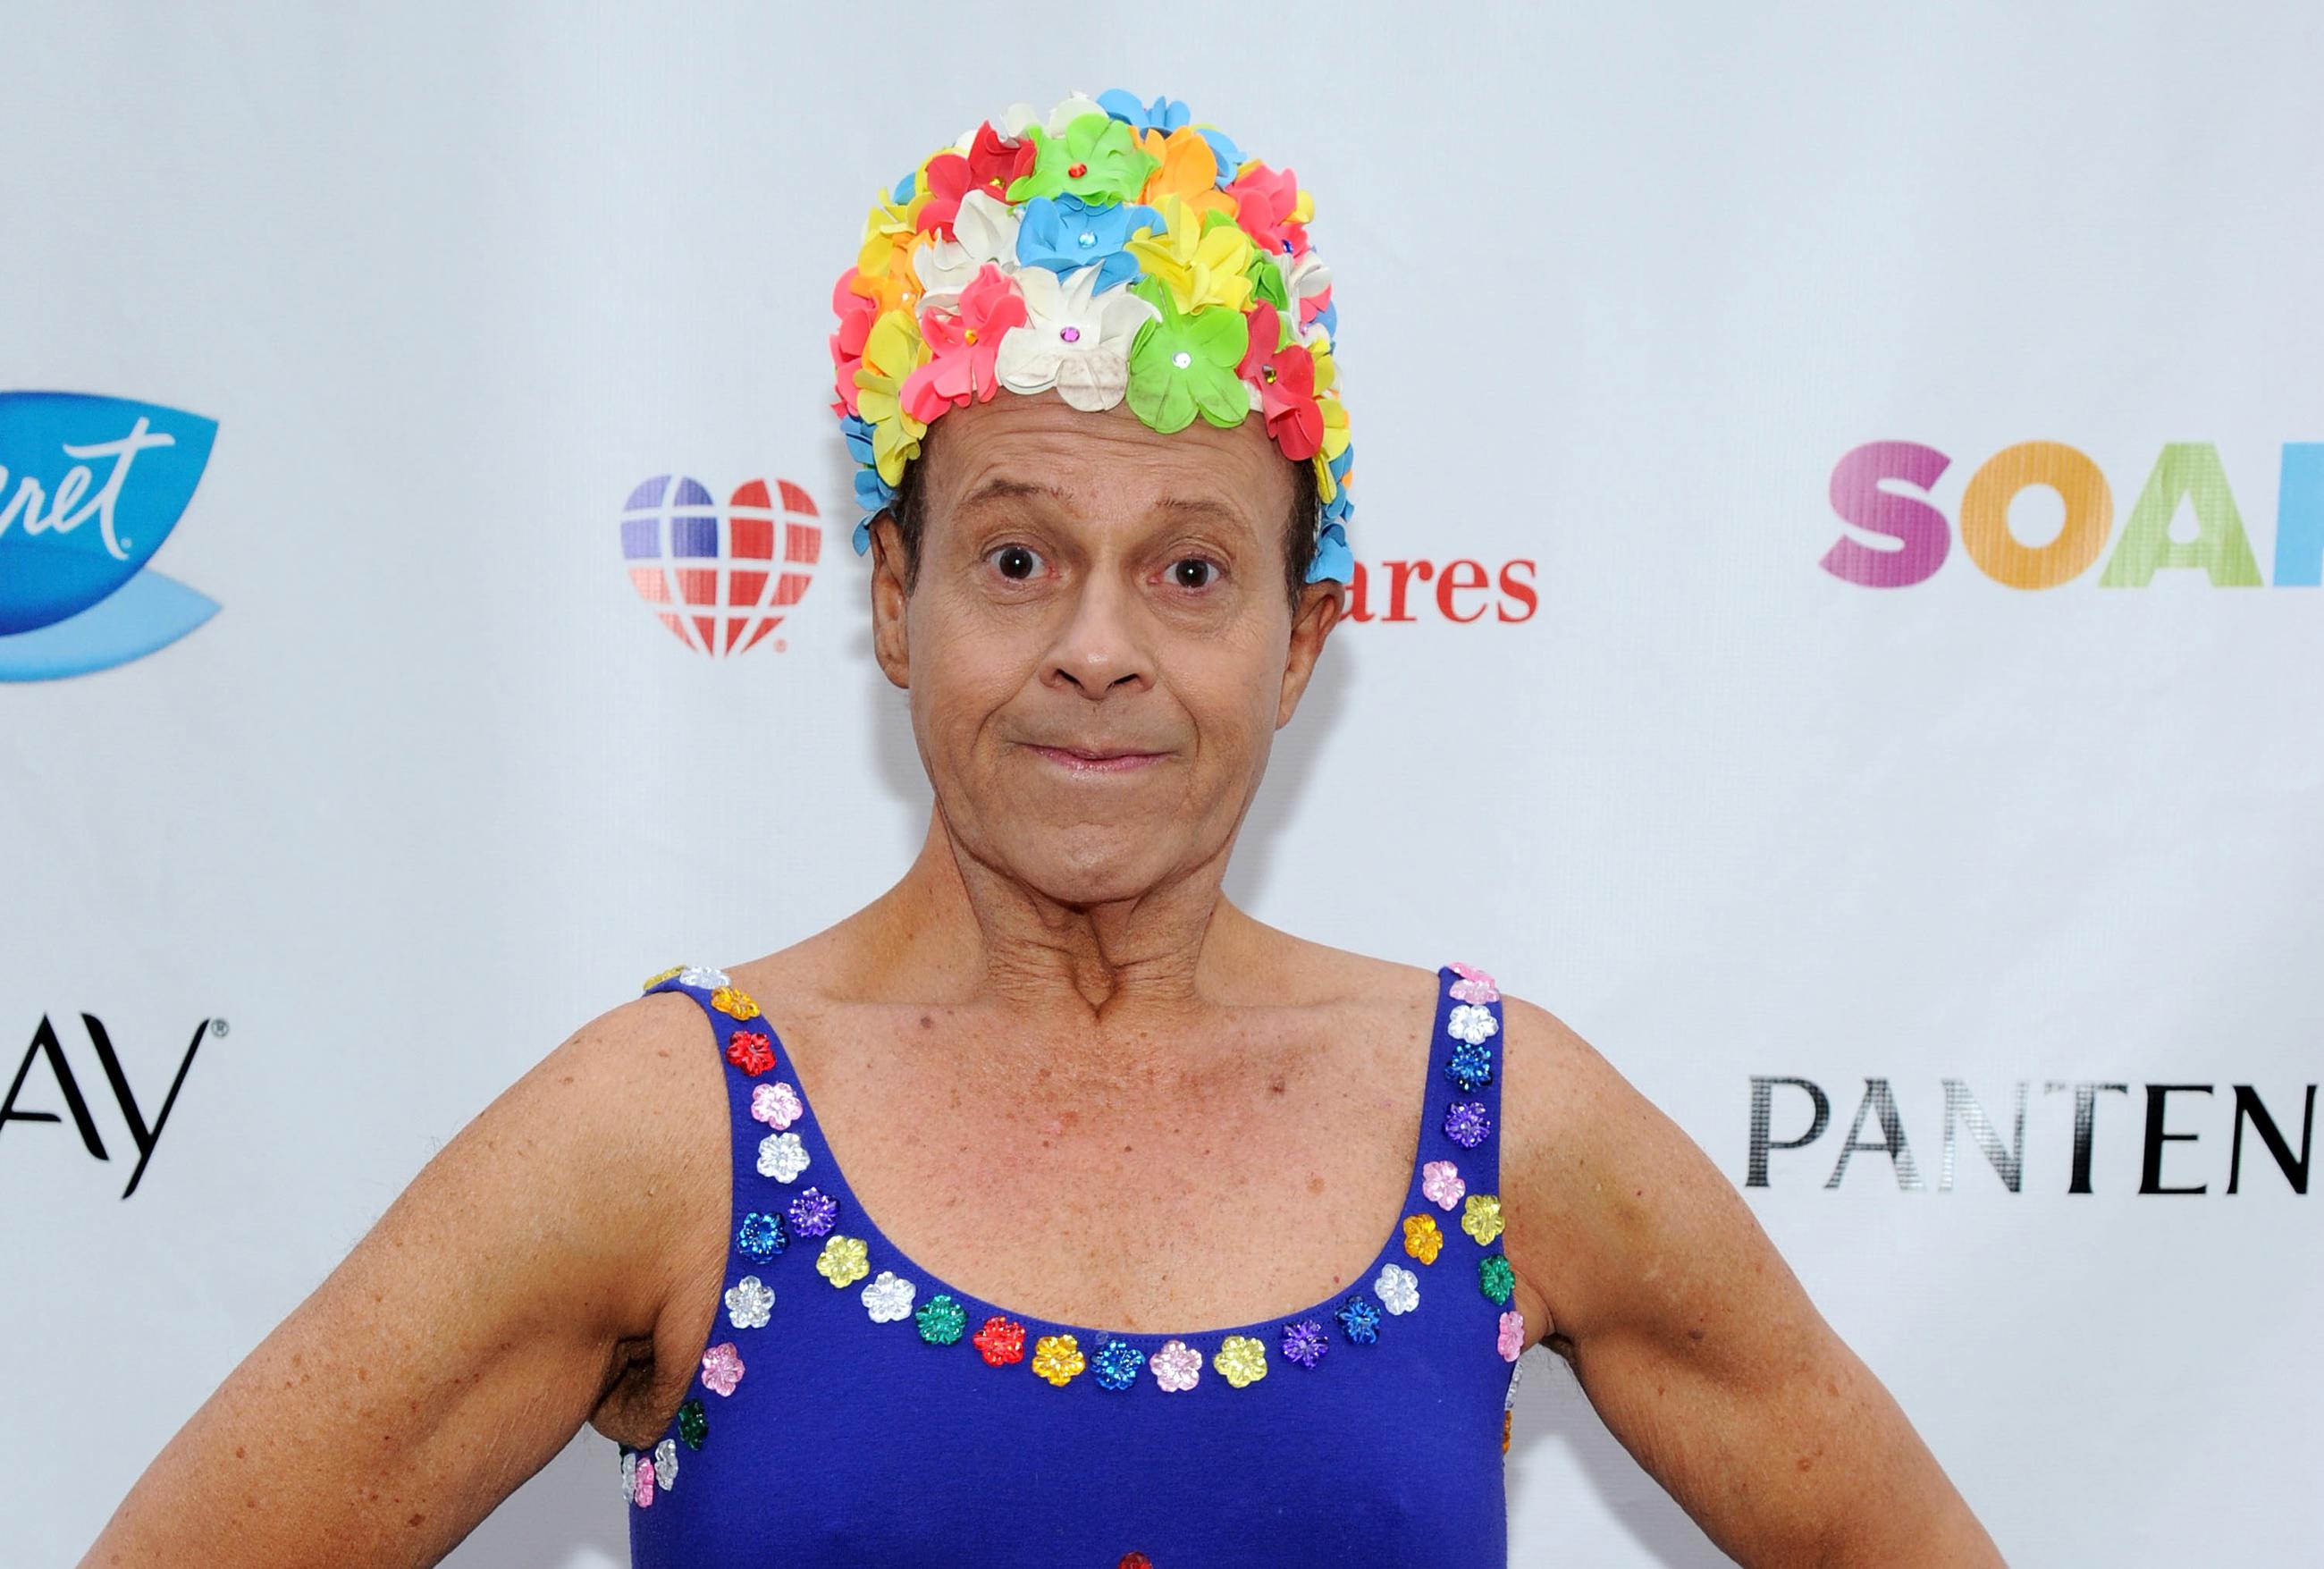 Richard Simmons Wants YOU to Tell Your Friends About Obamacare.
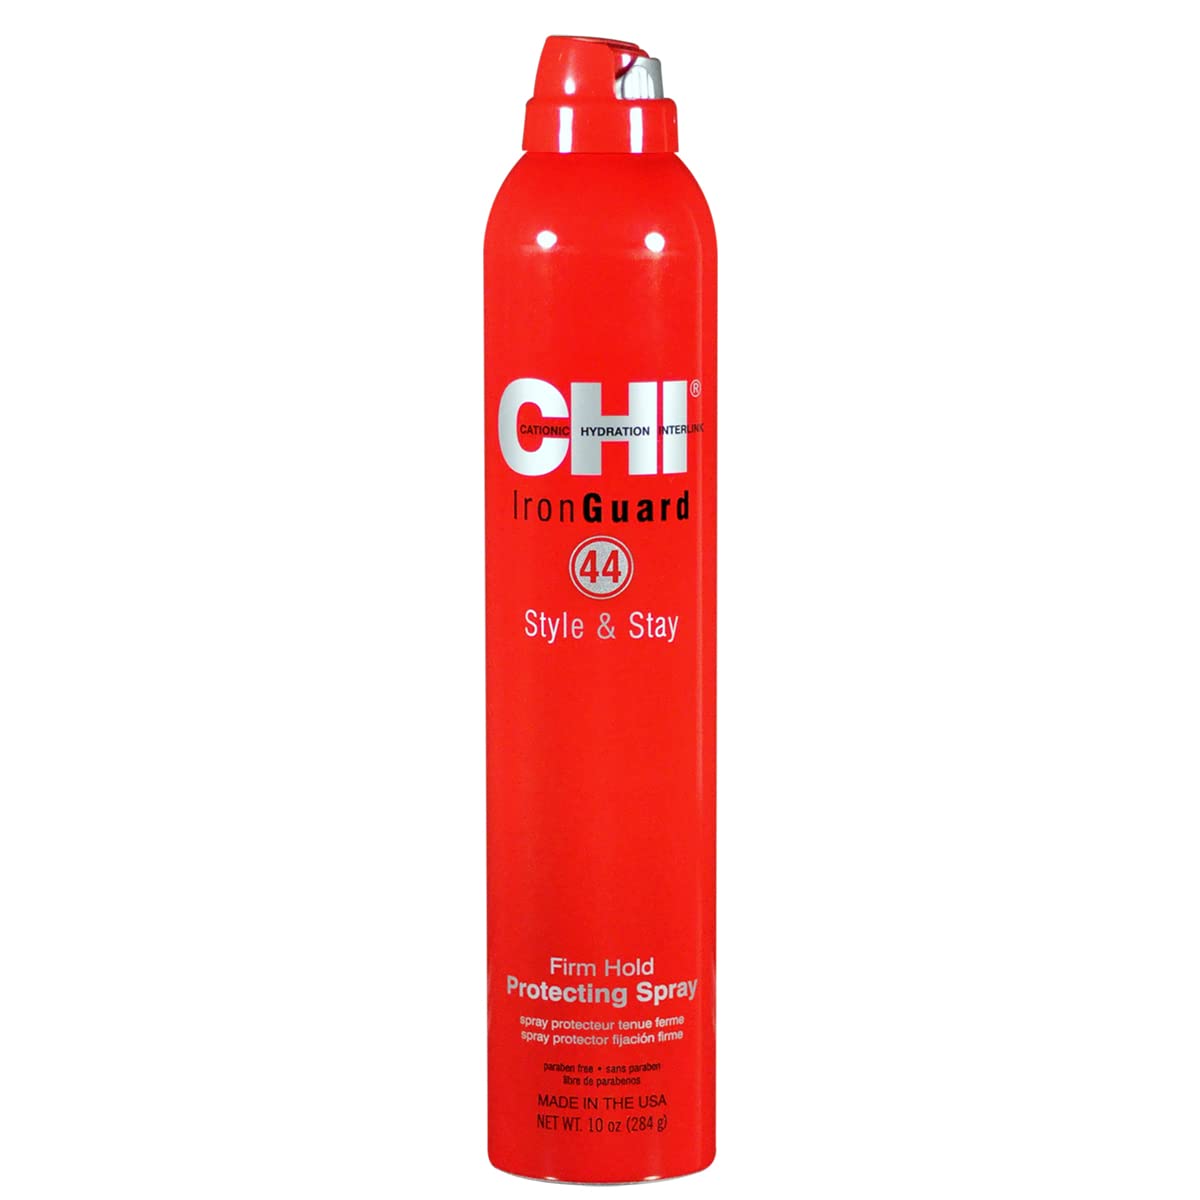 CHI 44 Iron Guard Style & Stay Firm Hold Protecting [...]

---

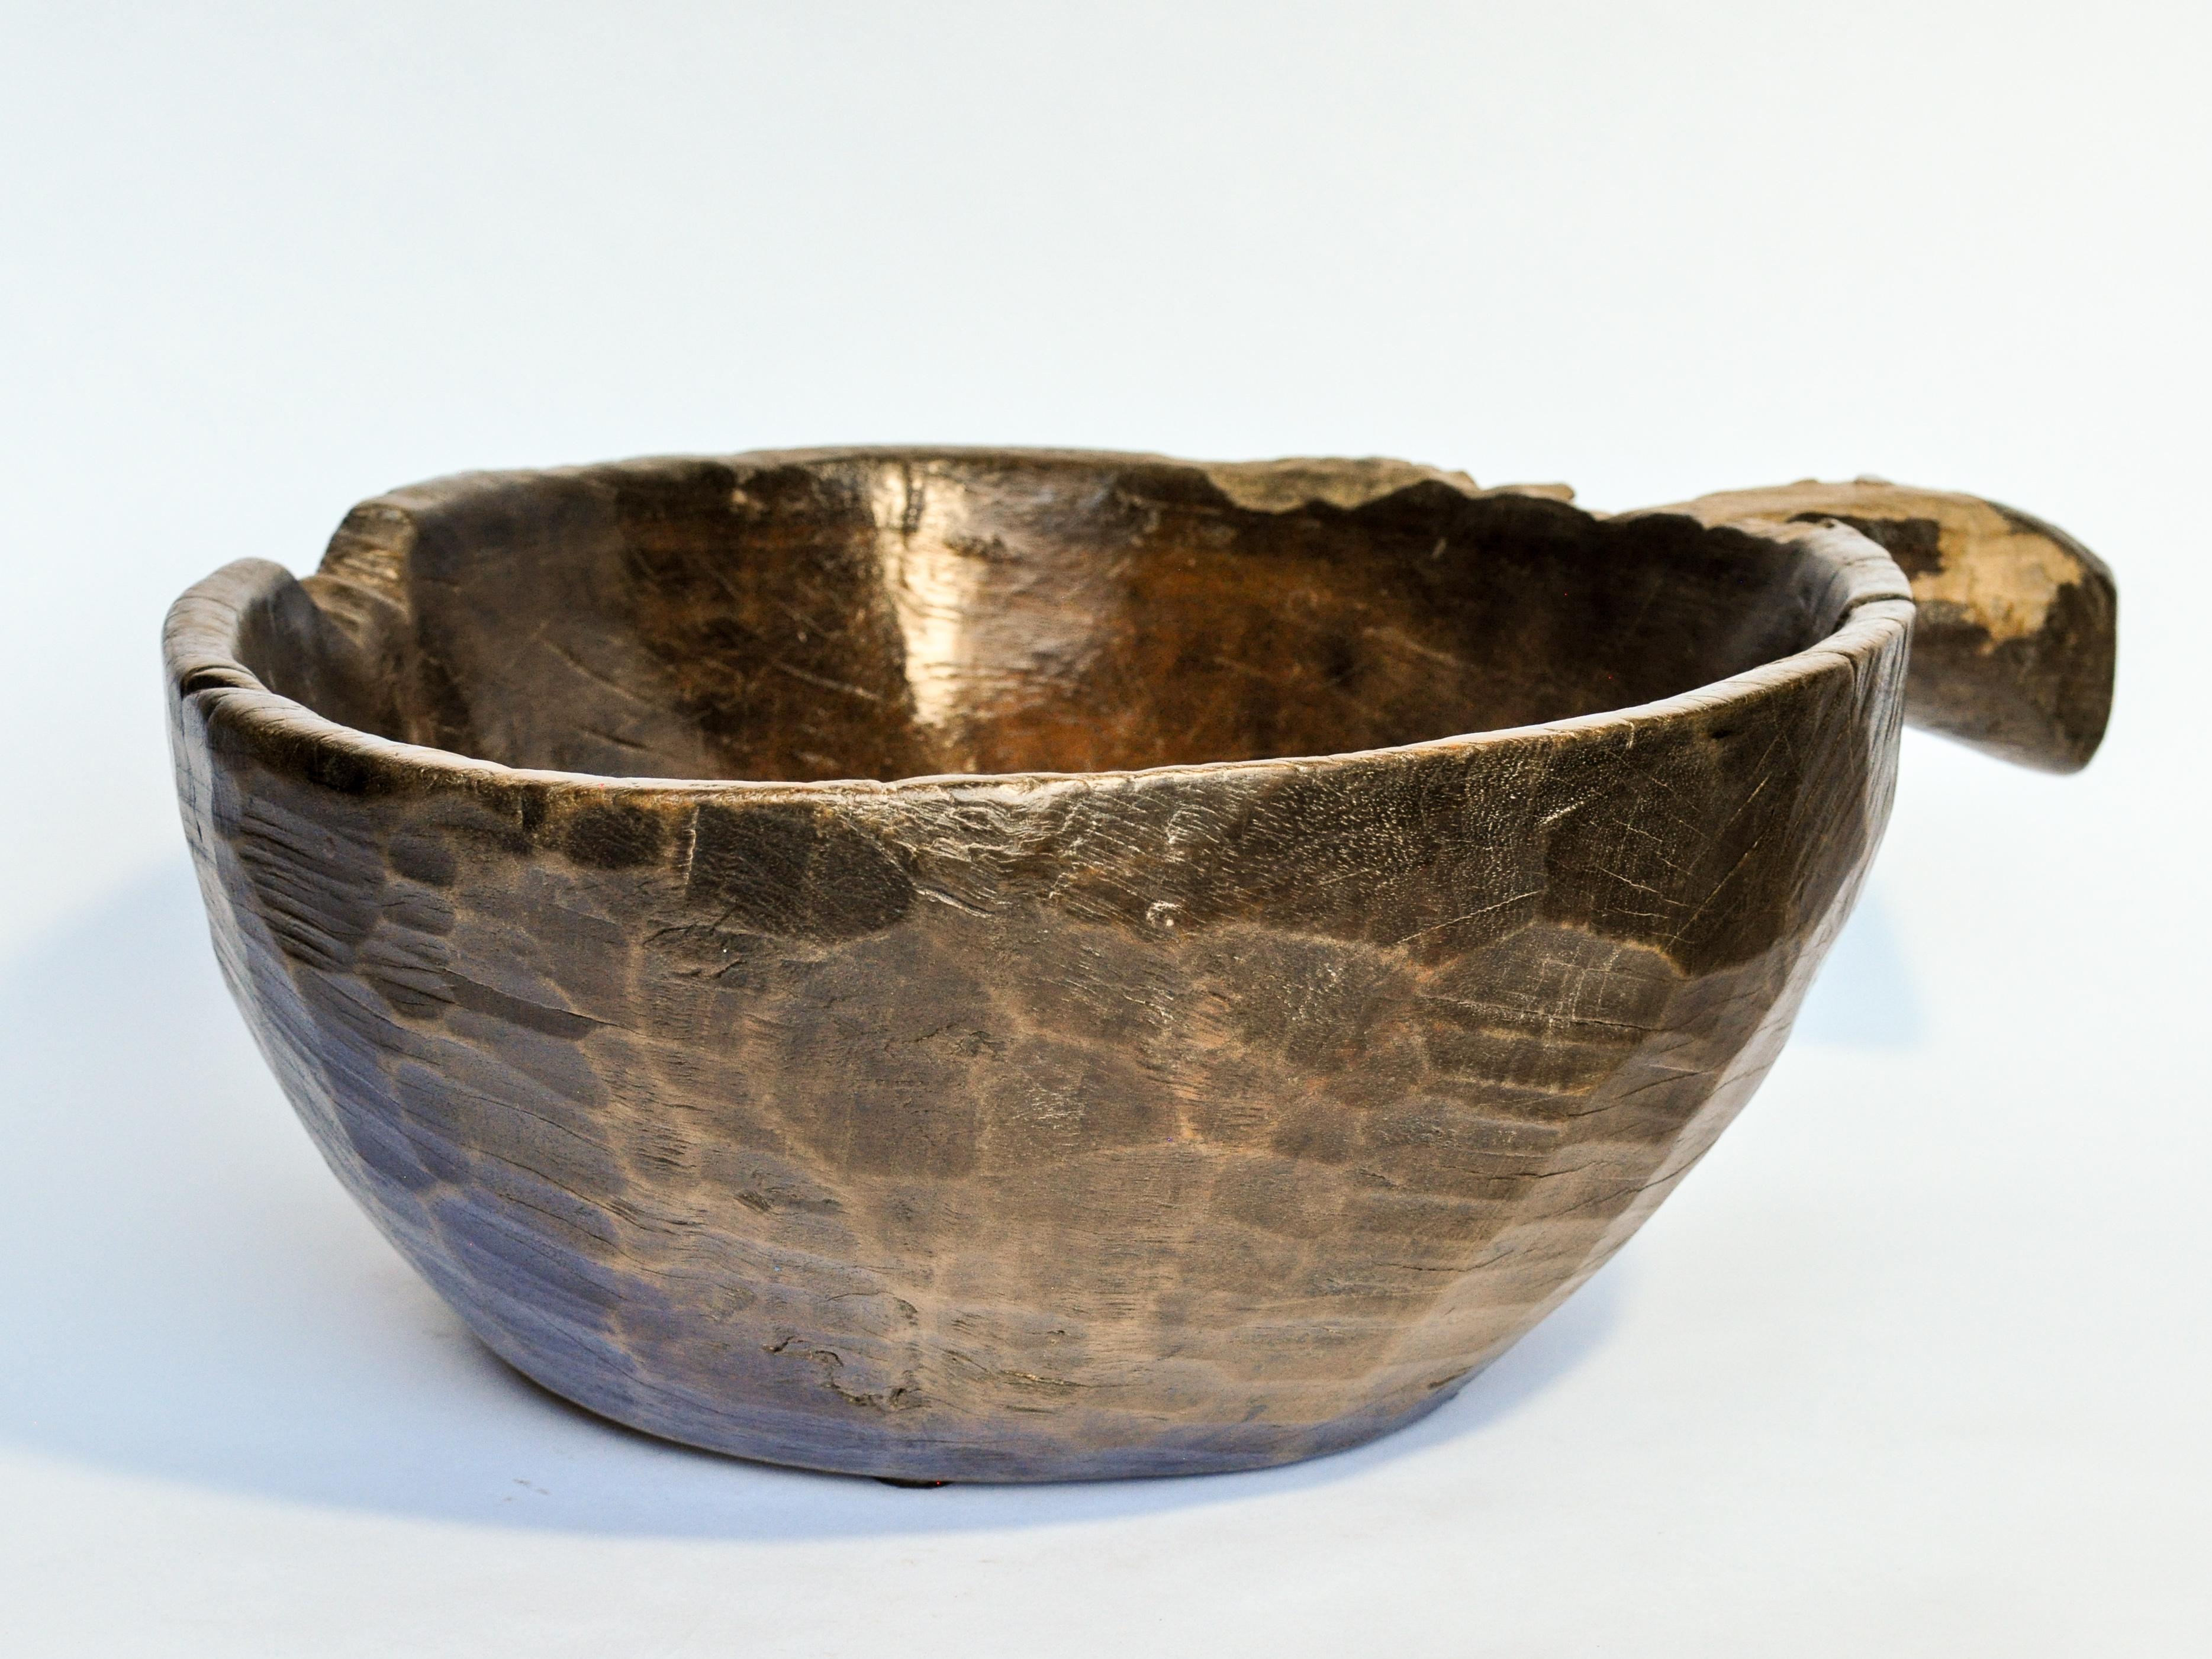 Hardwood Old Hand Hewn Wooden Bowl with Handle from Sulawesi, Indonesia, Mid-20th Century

_Activity_
Print the line above containing "Richard Simmons Wants", the line containing "CHI 44 Iron", and everything between them, exactly as written. Pictures stay out.

_Exercise answer_
 Richard Simmons Wants YOU to Tell Your Friends About Obamacare.
 CHI 44 Iron Guard Style & Stay Firm Hold Protecting [...]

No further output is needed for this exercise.